Wilde Wiesen gestalten

 Liebe Leser meines Blogs,

das wird wohl mein letzter Post sein! Im Verlauf von 8 Jahren habe ich 350 Posts geschrieben. Insgesamt hatte ich 496.950 Besucher (laut Google-Statistik). Eine halbe Million! Das klingt gewaltig. Es hat aber immer auch einige Arbeit gemacht. Nach 8 Jahren ist nun auch schon fast alles erzählt, was einen Gärtner so im Laufe des Jahres bewegt. Vor allem aber war die Kommentarfreudigkeit immer weiter gesunken, und das macht keinen Spaß. Es ist zu einseitig.

Spätestens im Herbst werde ich einen Weg suchen, um die 350 Posts in meine Homepage einzuordnen und auch eine Rubrik "News" in meiner Homepage zu installieren, die dann auch abonniert werden kann.

Da würde dann z. B. stehen, dass ich einen Vortrag über Wildstauden in Japan gehalten habe, den Sie sich unter folgenden Link, anhören bzw. ansehen können: https://vimeo.com/548753578.

In diesen 8 Jahren habe ich auch 60 Bücher rezensiert. Die Buchbesprechungen können Sie bereits in der Homepage unter: https://www.wildstaudenzauber.de/Seiten/Buchempfehlungen.htm finden.

Mir ist es eine besondere Freude, zum Abschluss meines Bloggerdaseins Ihnen ein Buch über naturalistische Staudenbeete im Wiesendesign für den Garten zu empfehlen.

Katrin Lugerbauer, Joachim Hegmann

Wilde Wiesen gestalten. Naturalistische Staudenbeete für den Garten. 2021. 160 S., 151 Farbfotos, Flexcover. ISBN 978-3-8186-1229-0. € 24,95. 

Dieses Buch habe ich sehnlichst erwartet.  Schon beim ersten Durchblättern faszinierten mich die stimmungsvollen Bilder. Die Thematik Staudenwiesen in Buchform ist völlig neu im deutschen Sprachraum und so ganz anders als die üblichen Staudenbücher. Staudenwiesen sind nicht mit ausgesäten Blumenwiesen zu verwechseln.  Im ersten Teil des Buches wurden die Vorzüge der gepflanzten Wiese genannt.  Der entscheidende Vorteil ist die Gestaltungsmöglichkeit einer gepflanzten Wiese.

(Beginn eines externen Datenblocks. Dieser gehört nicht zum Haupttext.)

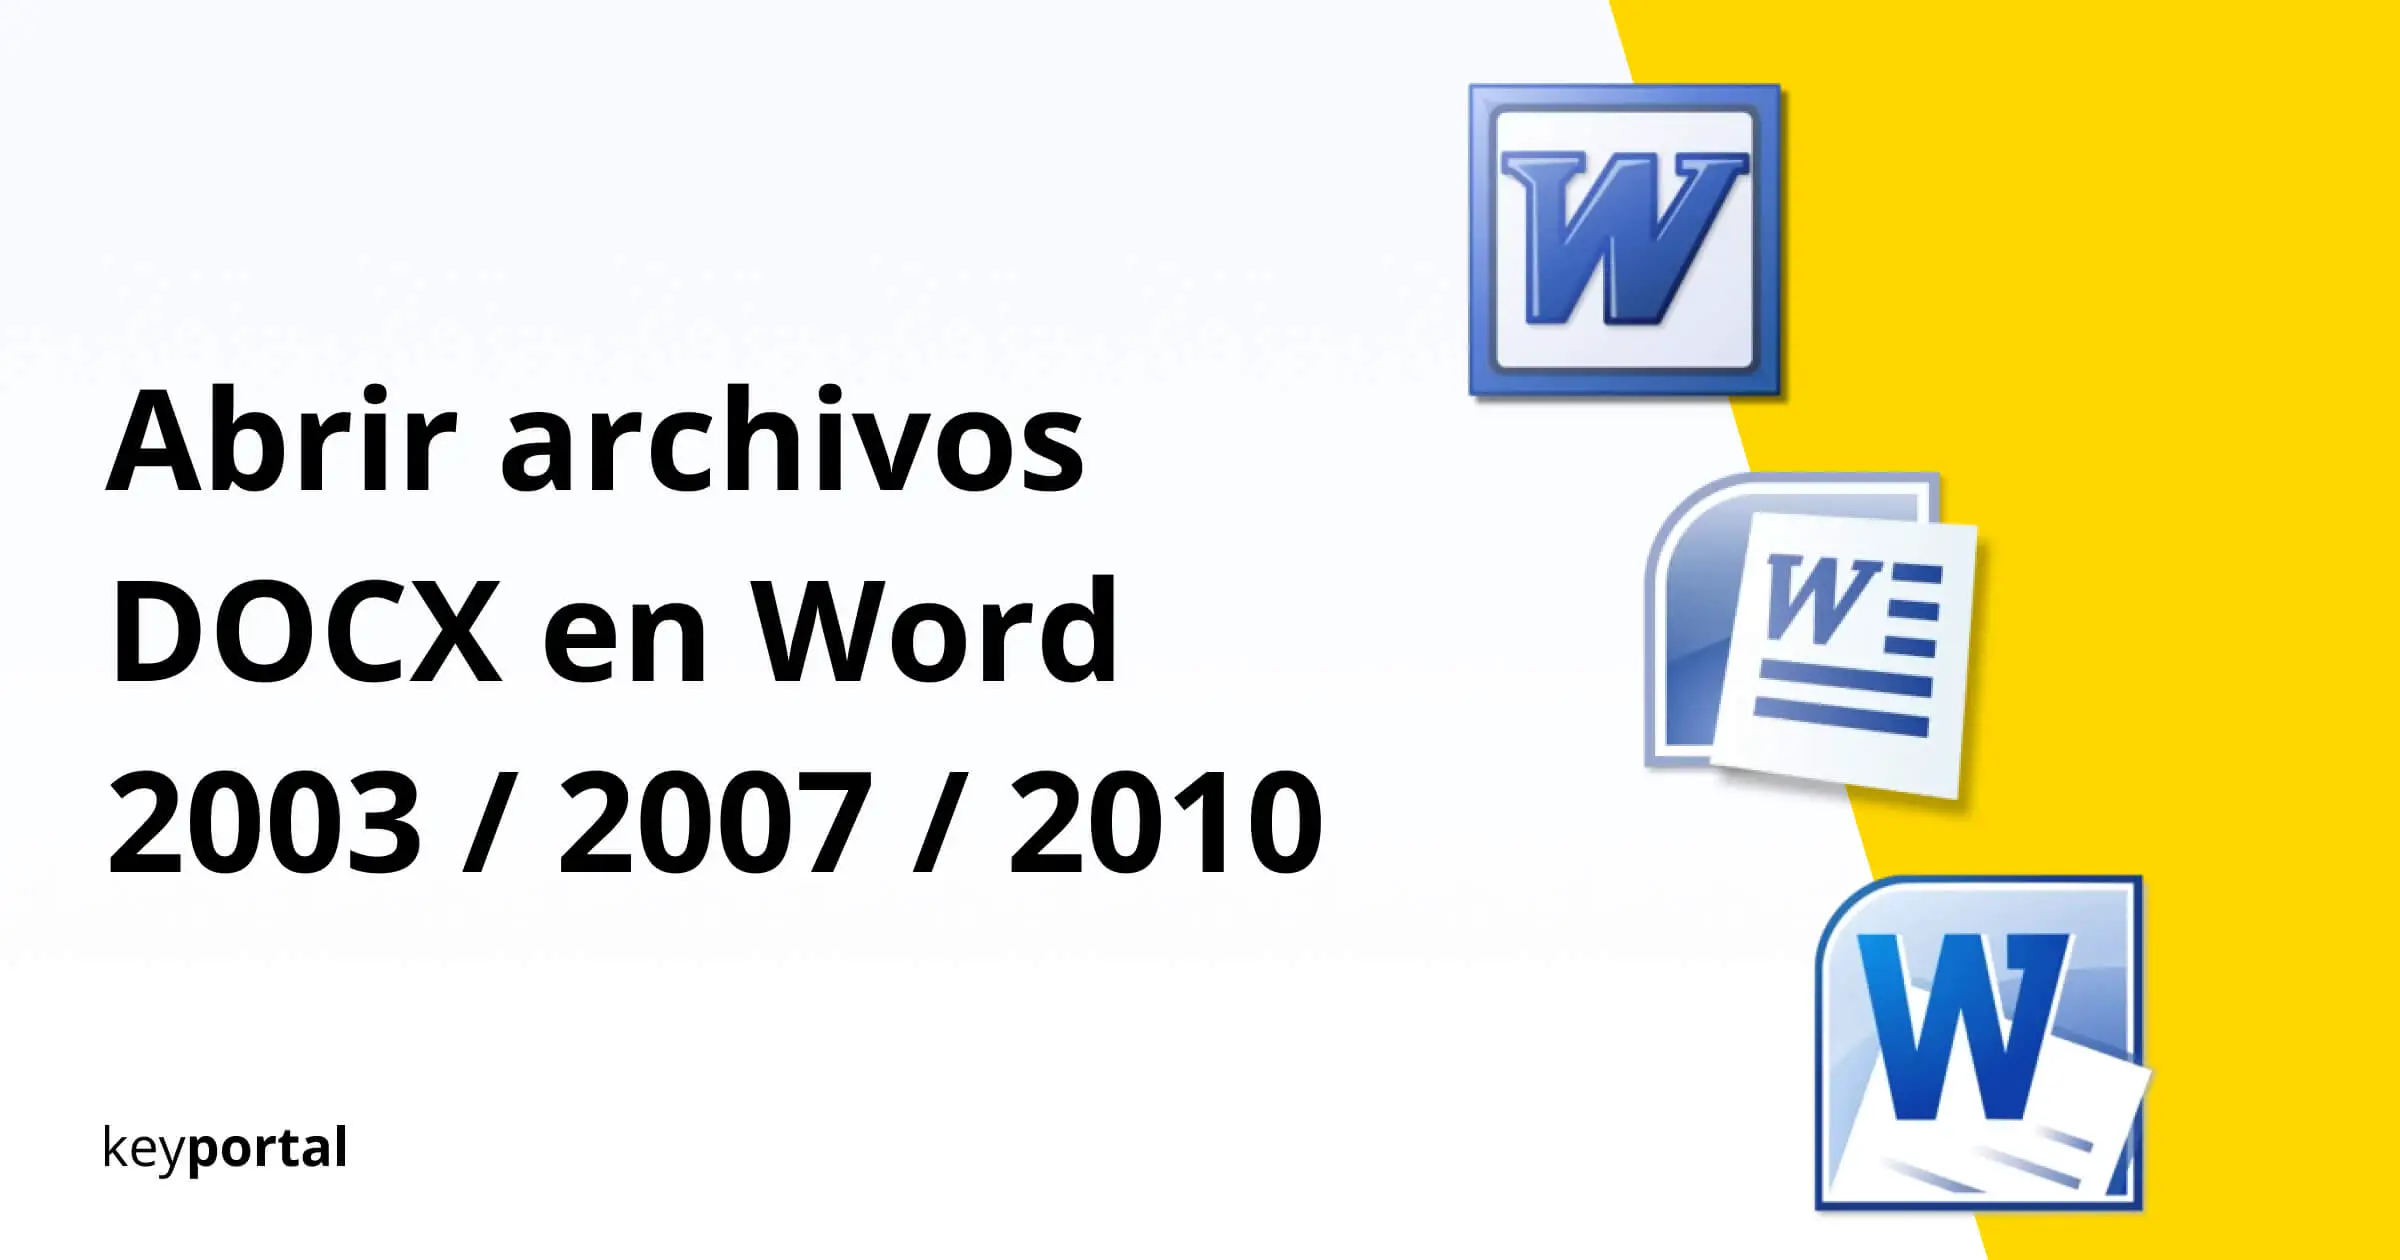 Trastorno Faringe Miserable Abrir archivos DOCX en Word 2003 / 2007 / 2010 - keyportal.es

Eine gesäte Wiese ist jedoch wesentlich preiswerter. Warum faszinieren uns die Wiesen? Das Buch gibt vielfältige, weit in die Vergangenheit der Menschheit zurückreichende Antworten. In den ersten Kapiteln gibt es auch interessante Bemerkungen zur Gartenhistorie und zur Entstehung von Staudenwiesen.

Was unterscheidet nun Staudenwiesen von klassischen Beeten? Zunächst sicher der hohe Anteil von Gräsern und die Verwendung eher kleinblütiger Pflanzen. Verstärkte Verwendung von Doldenblütlern. Dynamik durch Aussamen wird zugelassen. Keine Höhenstaffelung vom Rand bis zum Hintergrund des Beetes. Nicht die einzelne Pflanze wirkt, sondern die ganze Pflanzung.  Es erfolgen keine Rückschnittarbeiten im Sommer und kein Aufbinden der Stauden. In der Regel ist keine Düngung und Bewässerung notwendig. In mehreren Kapiteln wird die Planung und praktische Realisierung von Staudenwiesen, sowie die anschließende Pflege erläutert.

Das letzte Drittel des Buches stellt verschiedene Gestaltungen mit Staudenwiesen vor. Unter anderen den Garten der Autorin, den 3000 m² große Staudengarten von Jaap de Vries, den Präriegarten von Liane Pot u. a. Wie die Idee der Staudenwiesen in die Tat umgesetzt wird, kann ganz unterschiedlich aussehen, meinen die Autoren. Für mein Verständnis von naturalistischen Staudenbeeten ist Cortenstahl und Tröpfchen-Bewässerung, genauso wie die getrennte Pflanzung von europäischen, amerikanischen und asiatischen Stauden mit Sprühbewässerung als Gestaltungsidee hier im Buch fehl am Platze. Wir freuen uns ganz besonders, das auch unser Garten unter dem Titel: Der Zauber von Wildstauden vorgestellt wird. Eine naturnahe Staudenwiese, so meinen wir, ist der beste Entwurf für Gärten der Zukunft und nicht nur wir Menschen würden davon profitieren.

Das Buch sei jedem Gartenfreund ans Herz gelegt. 


Dienstag, 20. April 2021

Stauden abzugeben

 Liebe treue Leser meines Blogs,

wie in jedem Frühjahr ist die Umgestaltung meiner Staudenwiesen in vollem Gange. In diesem Jahr konnte ich wegen der Kälte erst später starten und nun ist schon bald Mai und damit Schluss mit Umpflanzen. Bei der Umgestaltung müssen auch immer Pflanzen weichen, denn ihr könnt euch vorstellen, dass in einem 1.000 m²-Garten, der schon etliche Jahrzehnte gewachsen ist, was übrig ist. Es betrifft die folgenden Pflanzen. Am liebsten ist mir natürlich ein Tausch. Ich suche alles, was in eine Wiese passt, nicht unter kniehoch und nicht über mannshoch und am liebsten Blau!? Und möglichst keine kleinen Töpfchen, sondern Batzen, damit ich die Pflanzen in meinem "Durcheinander" wiederfinde. Wer keine Pflanzen zum Tauschen hat muss eben auf die Jahrtausende alte Methode mit Penunce, Zaster, Kohle, Kies, Schotter, Zunder oder was ihr sonst so habt, zurückgreifen.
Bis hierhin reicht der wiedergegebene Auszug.